- Problem statement -
Having found the line containing "Front view. Draftsman" in the data below, reproduce that line and each one after it to the end, exactly, and include nothing else.
---------- Material provided ----------
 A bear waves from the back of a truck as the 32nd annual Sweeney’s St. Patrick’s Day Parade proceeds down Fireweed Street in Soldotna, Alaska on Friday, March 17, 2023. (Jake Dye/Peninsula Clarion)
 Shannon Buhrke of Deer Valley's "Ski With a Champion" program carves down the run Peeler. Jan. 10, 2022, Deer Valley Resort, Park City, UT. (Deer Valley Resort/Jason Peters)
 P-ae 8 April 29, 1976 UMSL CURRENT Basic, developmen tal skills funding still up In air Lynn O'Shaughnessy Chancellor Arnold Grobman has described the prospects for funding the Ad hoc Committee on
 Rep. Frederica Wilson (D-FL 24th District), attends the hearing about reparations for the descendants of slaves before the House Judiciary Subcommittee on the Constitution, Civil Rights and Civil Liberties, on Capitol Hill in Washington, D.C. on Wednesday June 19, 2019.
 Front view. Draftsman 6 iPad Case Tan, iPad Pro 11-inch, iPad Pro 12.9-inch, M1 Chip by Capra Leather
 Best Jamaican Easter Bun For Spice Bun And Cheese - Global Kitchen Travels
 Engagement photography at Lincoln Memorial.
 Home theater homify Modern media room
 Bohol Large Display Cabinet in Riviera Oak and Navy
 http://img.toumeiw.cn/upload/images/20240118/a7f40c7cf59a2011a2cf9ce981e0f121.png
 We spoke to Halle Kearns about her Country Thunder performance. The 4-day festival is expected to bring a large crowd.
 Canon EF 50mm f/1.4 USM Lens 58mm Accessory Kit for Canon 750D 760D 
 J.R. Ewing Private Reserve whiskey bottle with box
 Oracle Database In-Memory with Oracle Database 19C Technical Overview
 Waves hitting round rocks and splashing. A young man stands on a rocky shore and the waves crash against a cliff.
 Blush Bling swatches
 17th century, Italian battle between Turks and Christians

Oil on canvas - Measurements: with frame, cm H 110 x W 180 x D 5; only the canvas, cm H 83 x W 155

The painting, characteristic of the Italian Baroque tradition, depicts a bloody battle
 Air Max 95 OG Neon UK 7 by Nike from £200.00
----------
- Task output -
 Front view. Draftsman 6 iPad Case Tan, iPad Pro 11-inch, iPad Pro 12.9-inch, M1 Chip by Capra Leather
 Best Jamaican Easter Bun For Spice Bun And Cheese - Global Kitchen Travels
 Engagement photography at Lincoln Memorial.
 Home theater homify Modern media room
 Bohol Large Display Cabinet in Riviera Oak and Navy
 http://img.toumeiw.cn/upload/images/20240118/a7f40c7cf59a2011a2cf9ce981e0f121.png
 We spoke to Halle Kearns about her Country Thunder performance. The 4-day festival is expected to bring a large crowd.
 Canon EF 50mm f/1.4 USM Lens 58mm Accessory Kit for Canon 750D 760D 
 J.R. Ewing Private Reserve whiskey bottle with box
 Oracle Database In-Memory with Oracle Database 19C Technical Overview
 Waves hitting round rocks and splashing. A young man stands on a rocky shore and the waves crash against a cliff.
 Blush Bling swatches
 17th century, Italian battle between Turks and Christians

Oil on canvas - Measurements: with frame, cm H 110 x W 180 x D 5; only the canvas, cm H 83 x W 155

The painting, characteristic of the Italian Baroque tradition, depicts a bloody battle
 Air Max 95 OG Neon UK 7 by Nike from £200.00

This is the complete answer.